Остановилась машина – за рулем сидел улыбающийся толстяк, очень довольный собой, было видно, что он только что сказал сочную шутку, дама за его спиной смеялась, раскрывая накрашенный рот, похожая на птенца кукушки. Никита вытащил толстяка и слегка его прибил, чтобы тот не сразу бросился искать машину, а даму забрал с собой. На другом краю города он высадил даму и скрылся. (Скажем в скобках, что даме он понравился – силой, спокойствием и благородным лицом. Уже давно он нравился дамам, не зная об этом и смущаясь в их присутствии. Он все еще считал себя гадким утенком.) Дама пожалела, что не пригласила Никиту отведать рюмочку, пожалела, погоревала и успокоилась.
Когда Никиту взяли, Павел Карпович как раз искал надежного человека для определенных целей. В поисках человека он просматривал документы предварительного следствия. Фотография Никиты ему сразу понравилась.
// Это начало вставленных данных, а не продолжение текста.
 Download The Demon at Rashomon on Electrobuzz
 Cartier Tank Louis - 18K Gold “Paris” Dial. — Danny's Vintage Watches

Павел Карпович всегда доверял своему первому впечатлению о человеке. Первое впечатление не обманывает.
Итак, Никита был спасен и принят на службу. Вначале он был встречен нерадушно, потому что не лез в компанию, мало пил, не поддерживал разговоров. А мало пил он потому, что знал себя пьяным. Однажды он все же напился и перевалял четверых из службы охраны, которые добросовестно пытались его связать.
А на утро его вызвал сам Павел Карпович. Никита пришел и стал в своей любимой позе: плечом о дверной косяк, ноги и руки скрещены, взглядом уперся в пол, оперся на взгляд как на палку, головой не двигает.
– Я знаю о вчерашнем, – сказал Павел Карпович.
– Да, – ответил Никита.
– Я хочу, чтобы этого не было больше.
– Да.
– Я не потерплю, чтобы увечили моих людей. Второго предупреждения не будет.
– Да.
– Но мне нравятся верные люди, а ты верный человек.
– Да.
– Будешь охранять моего сына вместе со Штырем.
– Да.
На этом разговор закончился.
Мы рождаемся благодаря случайности и умираем благодаря случайности. Все важное, что происходит с нами, настолько случайно, что просто не могло произойти. Никак не думала старушка Анастасия погубить Никиту, но погубила. Кто бы мог предположить, что просто из-за котенка, которого раздумали топить, пропадет такой сильный человек? И не он один.
70
Никита спустил Джека с поводка и увидел, как вскинулась из травы под окном человеческая фигура. Джек был здоровенным догом, более злым, чем умным. Умной была Диана, тоже дог, но хитрая как змея – та могла загрызть красиво по всем правилам собачьего искусства. Но здесь было достаточно и Джека – тот человек все равно не мог спастить. Даже Бог не смог бы спасти его теперь.
Джек сделал несколько громадных прыжков и сократил расстояние наполовину. Жертва кричала, убегая. Кричи, все кричат, когда спускают Джека.
Но вдруг что-то случилось: Джек остановился, гавкнул басом весело и почти по-щенячьи и бросился в сторону, под прямым углом. Еще два прыжка – и он схрумал Мурзика. Никита стоял с плетеным поводком в руках. Жертва уже скрылась за углом.
Ушел.
Джек подошел, веселый, трепая остатки Мурзика в зубах.
Никита оттолкнул его веселую морду и вошел в дом.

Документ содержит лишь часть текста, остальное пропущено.